The way to combat that is what I've been calling the light method.  You put a light on in their coop to emulate a summer light cycle.  The light goes on around 6 am, stay on until 6 pm or later.  Now, you DO have to give them the cycle of darkness too.  If you do not, they get weird, and will not settle down on their roosts to sleep.  How we've been doing it here is light on early morning, off when the sunlight is coming in through their windows, and then the light goes on about 4 pm.  Since they are in the coop in the garage, we have the light inside the coop, and the light in the garage.  When I turn off the light inside the coop, I leave the light in the garage on for about a half hour so they have enough light to move about the coop, get settled for the night. I come in, check to see if they are all settled, tell then goodnight, and the garage light goes off.

This method has been effective.  This week, we've had four or five eggs everyday - until today, when we got seven.  That's pretty good for only seven hens! That is fall numbers for us.

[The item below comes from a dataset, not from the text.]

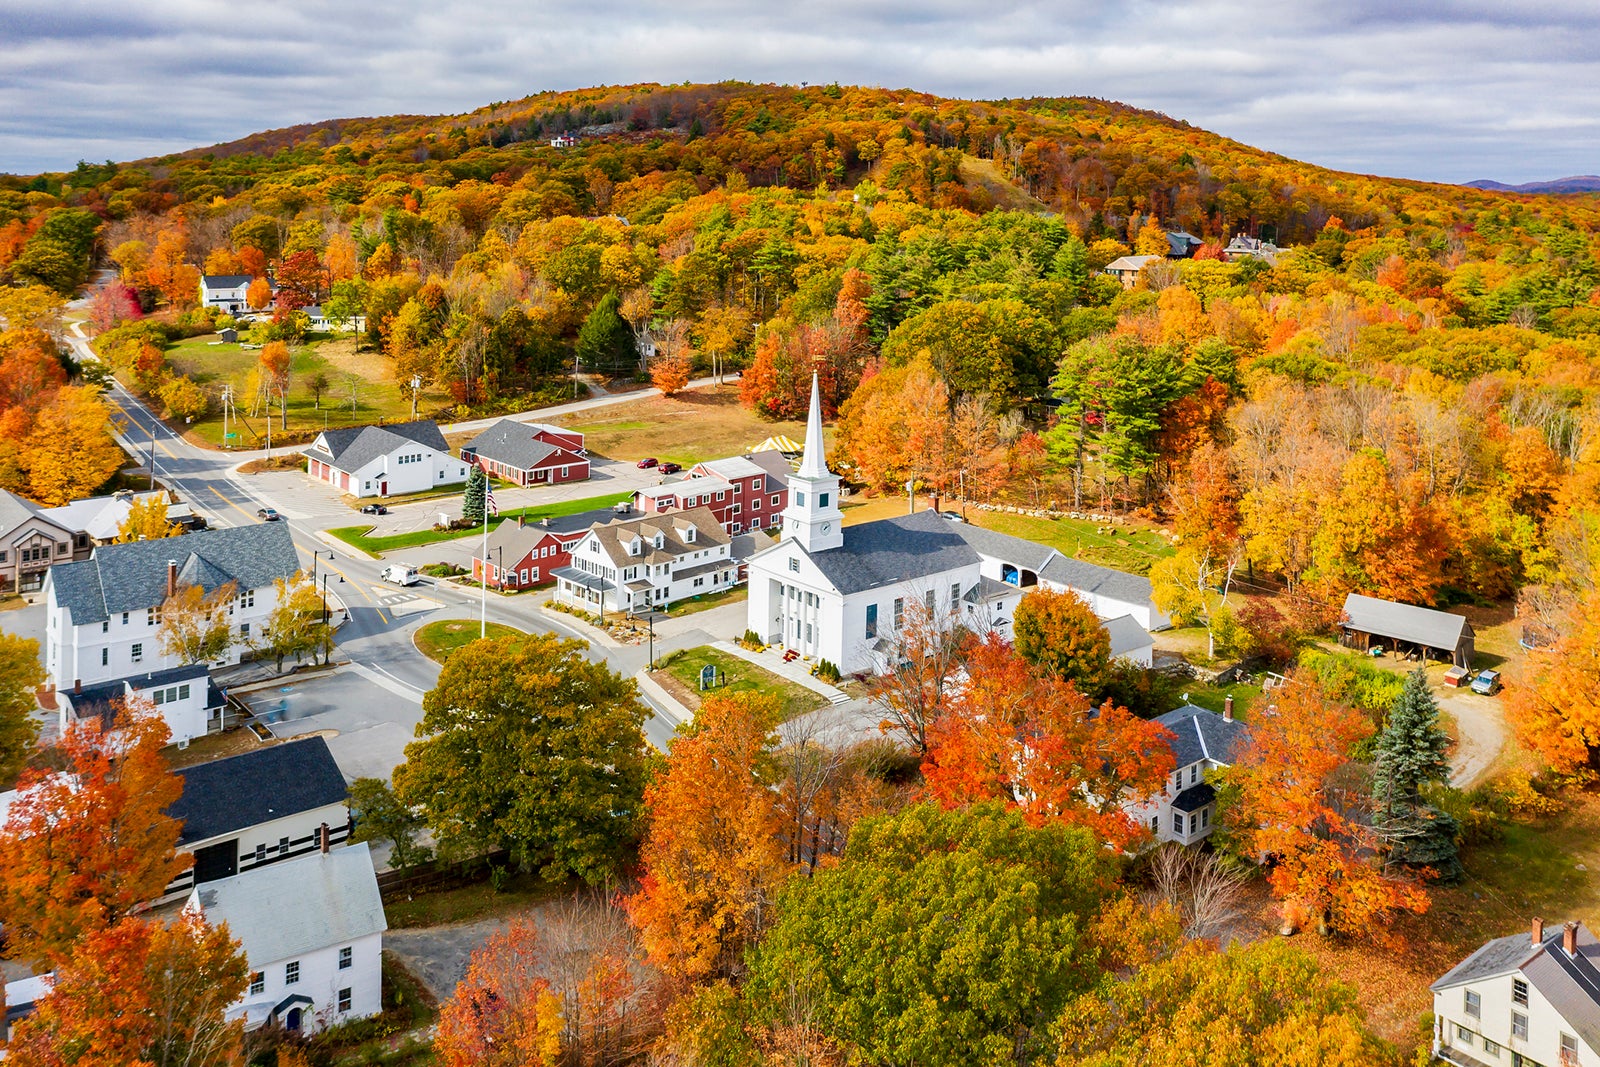 New England road trip: Where to see the most spectacular foliage
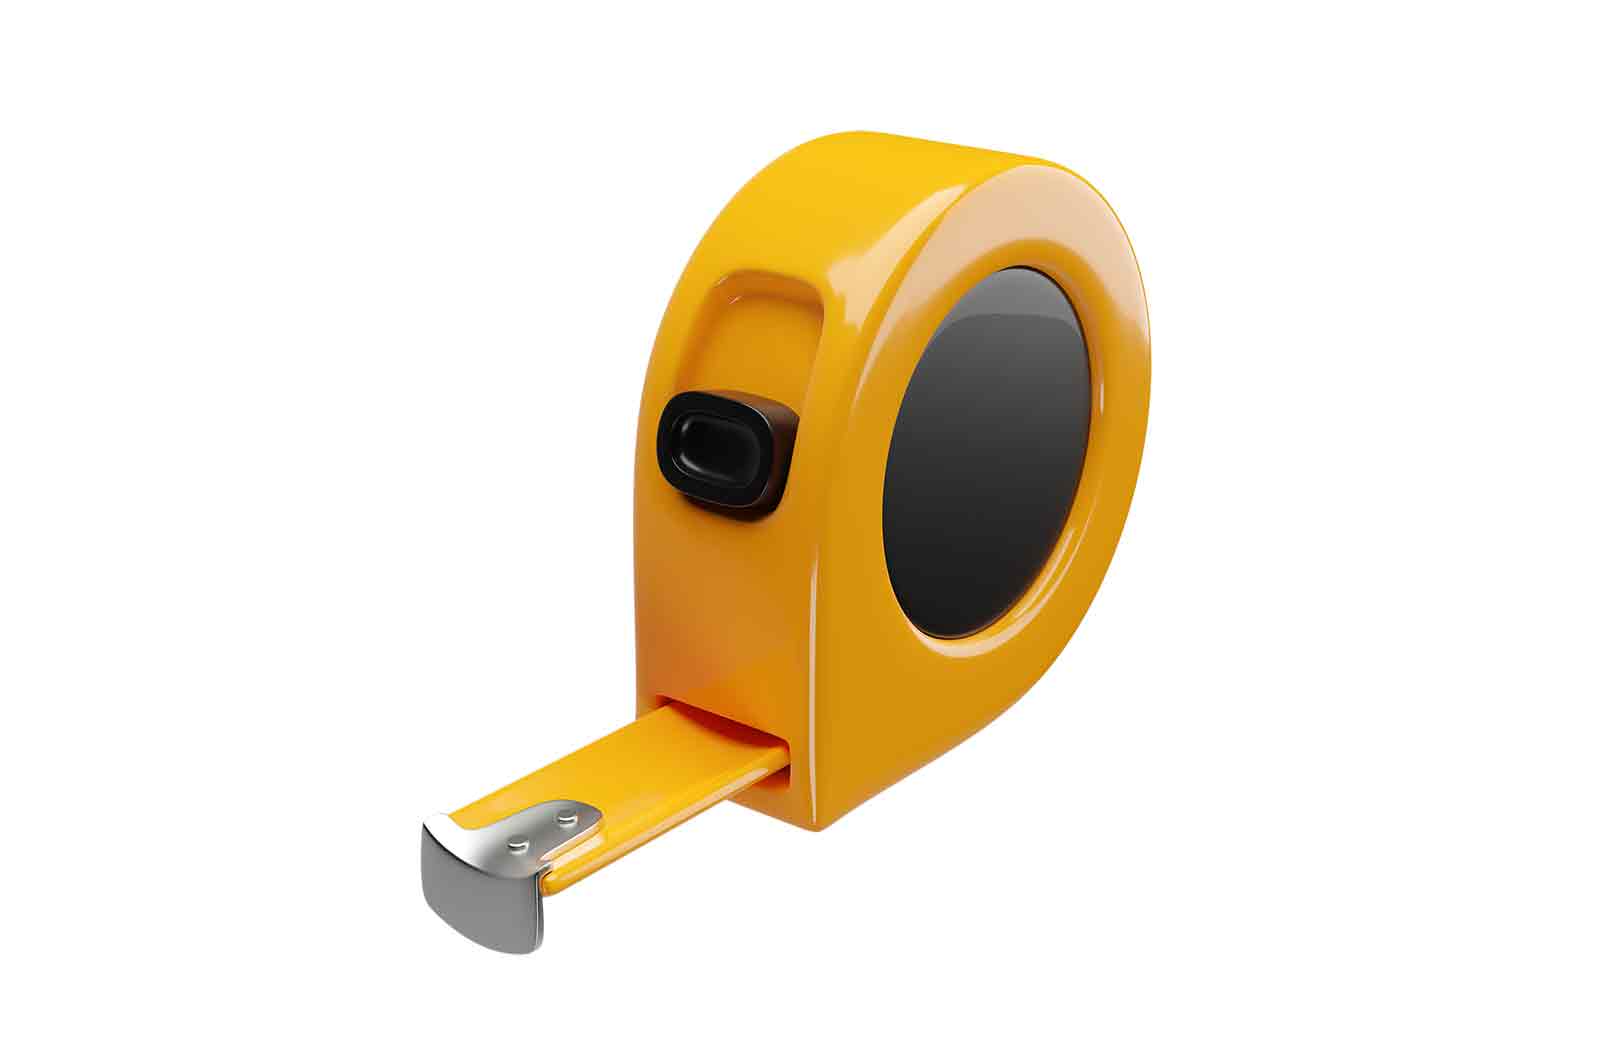 Yellow tape measure on white background, 3d rendered illustration. A flexible ruler that is used for measuring length or distance.

So if you have hens that aren't laying like you would like them to, give them some more light.


Tomorrow, we shall try the front/side yard free ranging again while I give the coop a good cleaning - last time we were out of the fence, that did not turn out so well for one of our girls.  Since we want to keep the seven we have now, I think the dogs will get to come out to play as well.  They're good with our chickens - Pip follows them because she wants to lick them and treat them like puppies - and the other two will guard them.

Wish us luck! Maybe we'll even have a spare human out on guard duty getting some sun too.  I'll also put the Christmas tree down for the hens - several people have said chickens will eat the needles - I'm curious to see if that is true of these girls.